И обстановка квартиры вполне соответствовала его характеру. Темно-коричневые обои украшали картины с пейзажами чуждых миров полных огня и взрывов. Пол был устлан коврами с ярким восточным рисунком. В книжном шкафу почетное место занимали оккультные книги, среди которых самым невинным являлся Папюс. Воздух в квартире был удушливым от беспрестанно курившихся благовоний.

В углу гостиной стоял кальян, но Никас не пользовался им, а любил дымить толстыми сигарами, при этом он стряхивал пепел в хрустальную маленькую пепельницу, весьма искусно сотворенную под череп. Череп этот он повсюду таскал с собой, и даже направляясь в гости, обязательно укладывал в свою сумку.

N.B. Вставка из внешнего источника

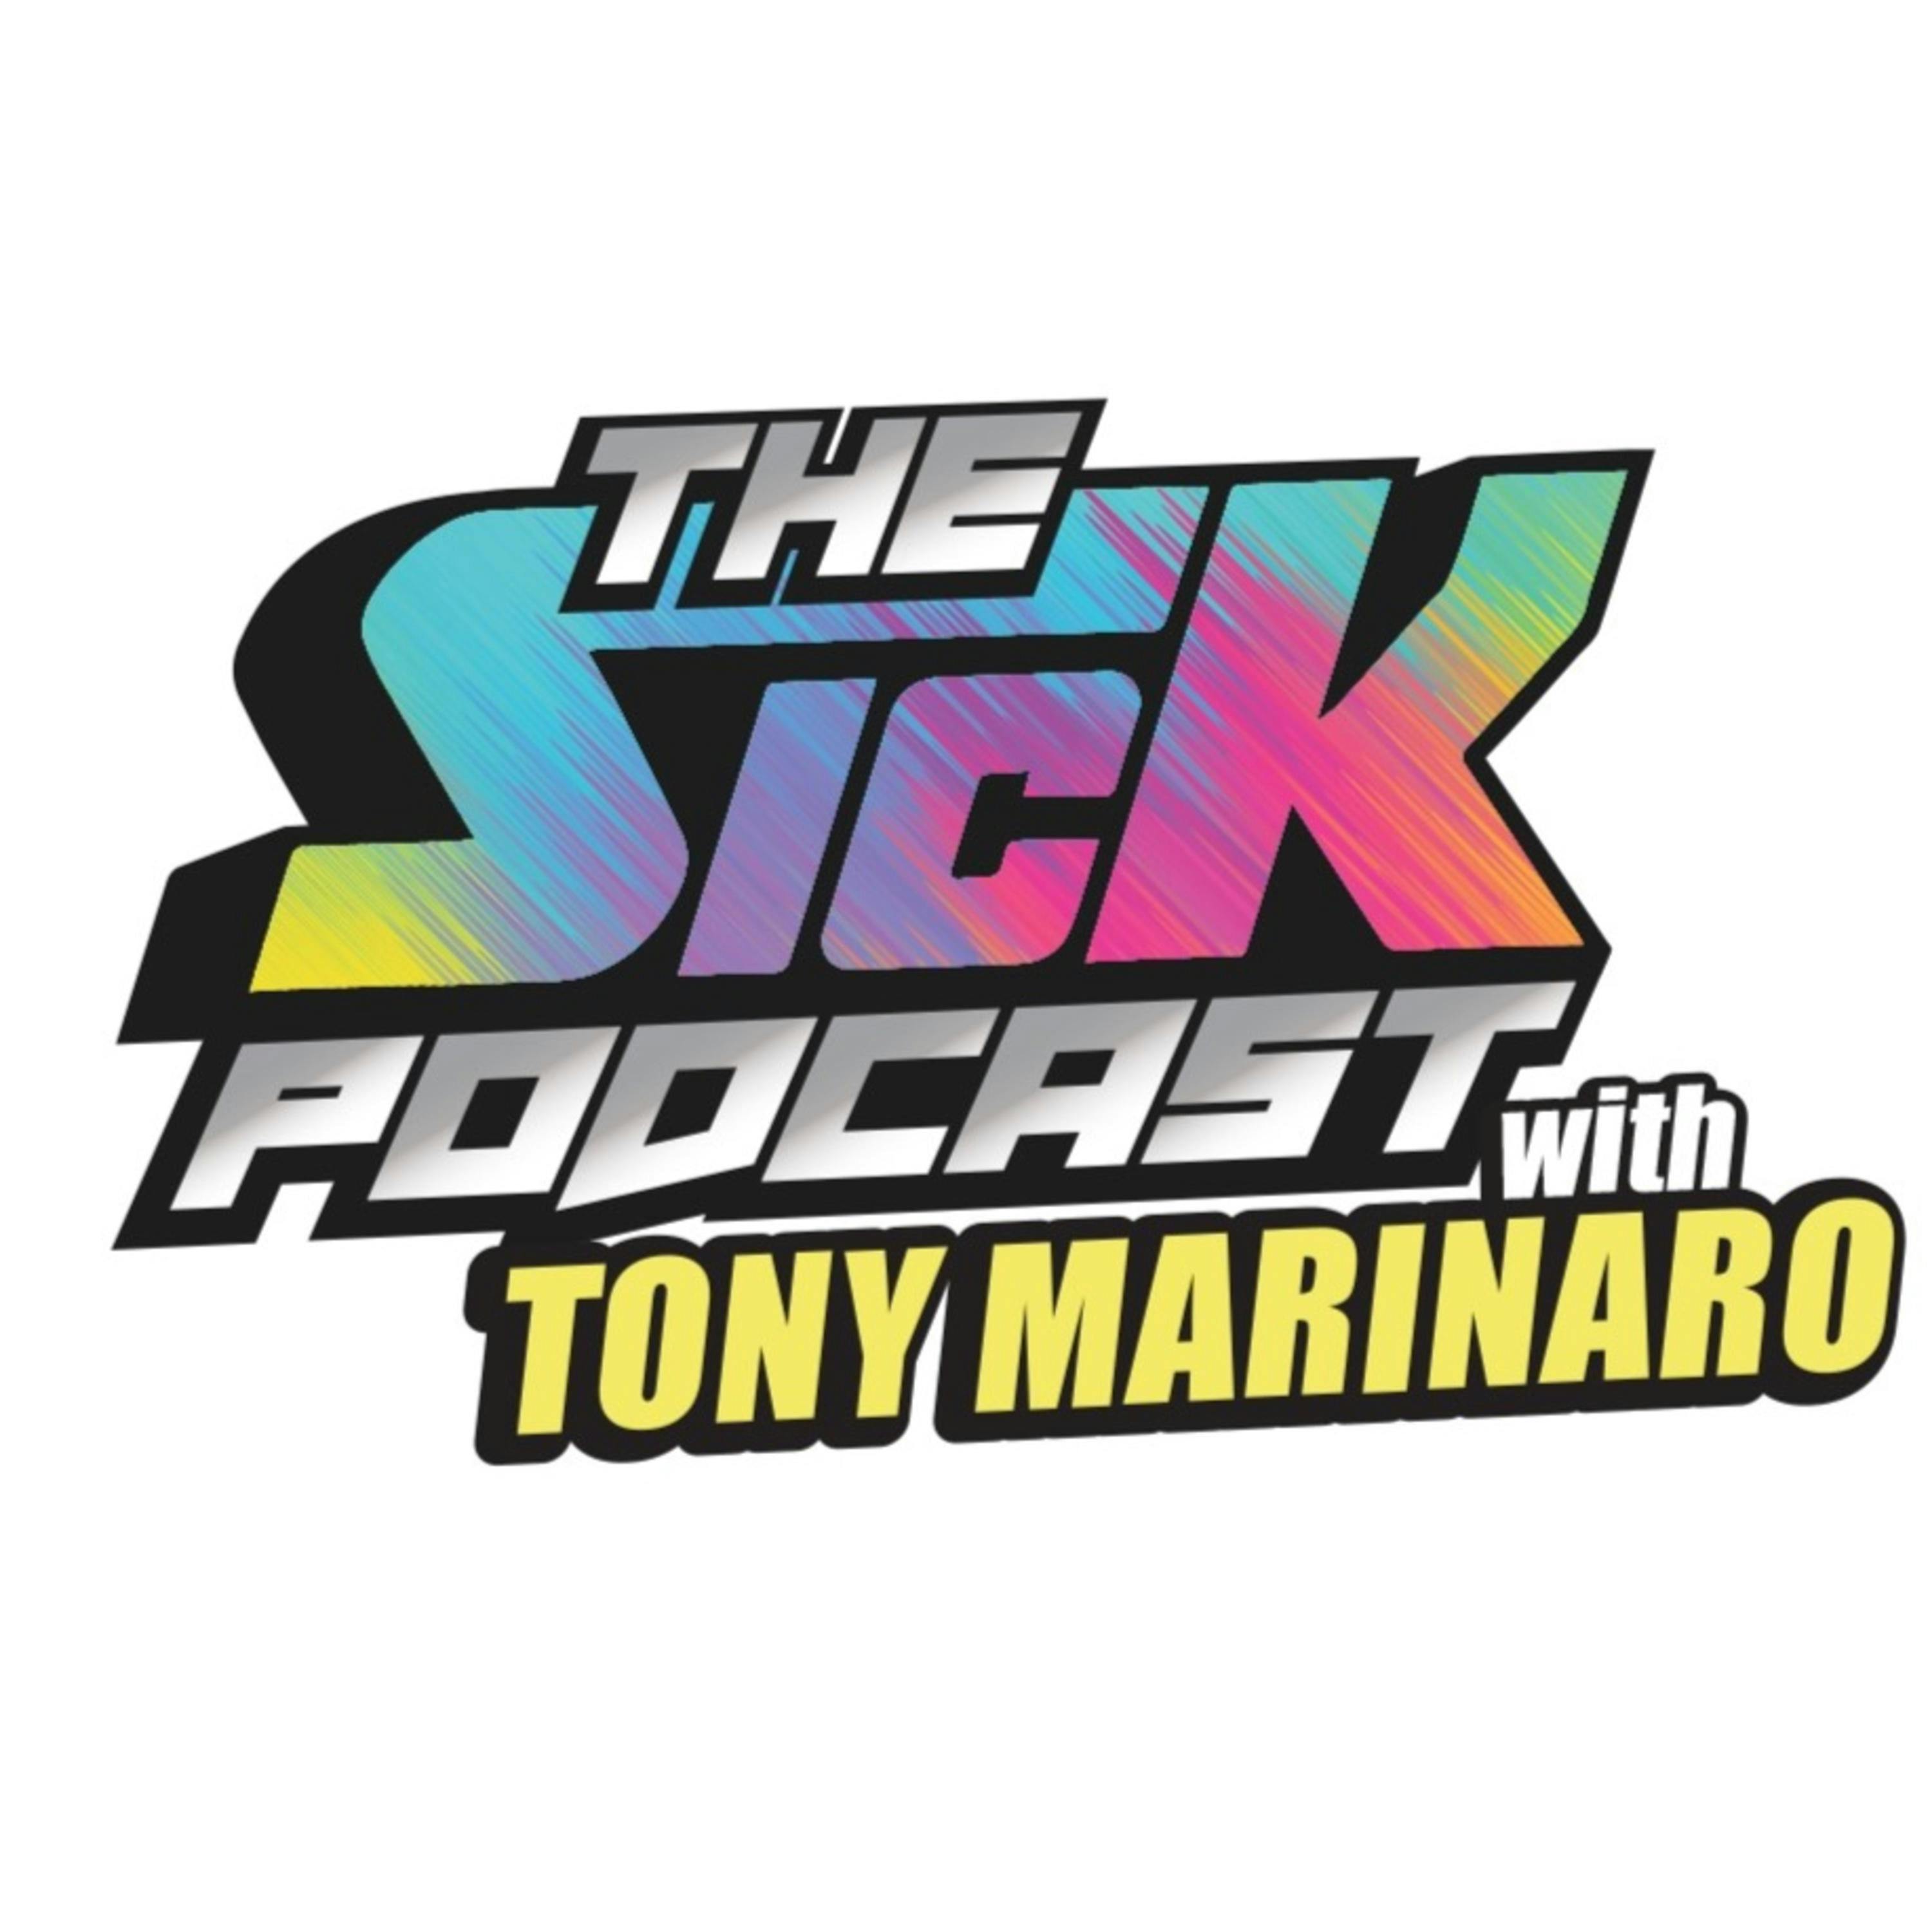 Habs Fly Past The Jets | The Sick Podcast with Tony Marinaro January 17 2023

Он очень любил посещать городские праздники и стоя особняком от праздничной суеты, разглядывал людей в поисках необыкновенных лиц, а после дома, рисовал запомнившиеся ему образы, его работы пользовались у горожан огромным успехом. Каждый день кто-нибудь подбегал к выставке его картин, он устраивался под навесом, на одной из центральных улиц города и выискивал нечто похожее на свою собственную персону нон грата.

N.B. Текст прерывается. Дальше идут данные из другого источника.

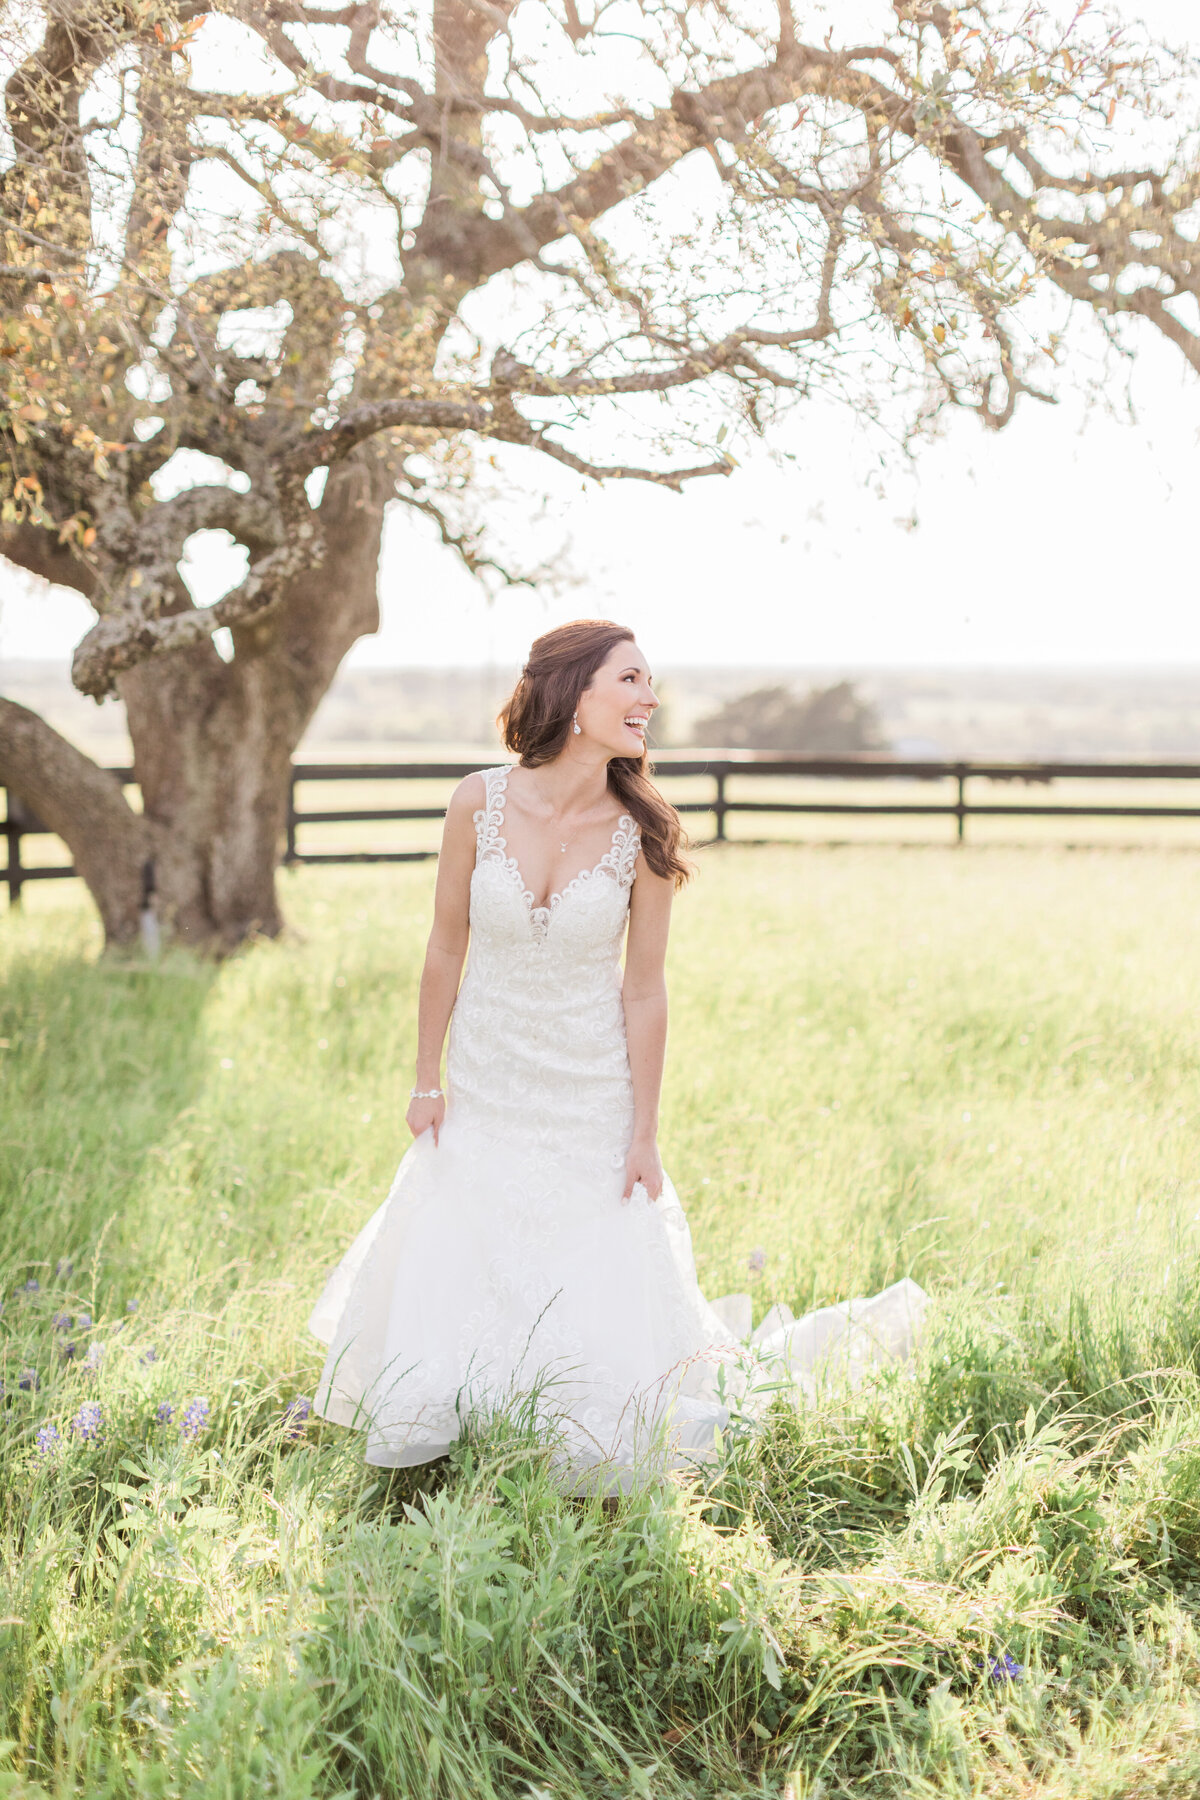 An outdoor Texas bride

Он прослыл в обществе знакомых за человека чрезвычайно умного и проницательного. Наверное, в этом ему помогала одна его странная привычка. Он обожал внимательно разглядывать собеседников, замечая все их невербальные движения, безошибочно определяя не только характер попавшегося ему на пути человека, но и все скрытые движения его души. Он чувствовал эмоции людей точно так же, как хороший психиатр чувствует необыкновенных пациентов, изучая не только физические подпрыгивания и подскакивания, но главным образом докапываясь до их душ.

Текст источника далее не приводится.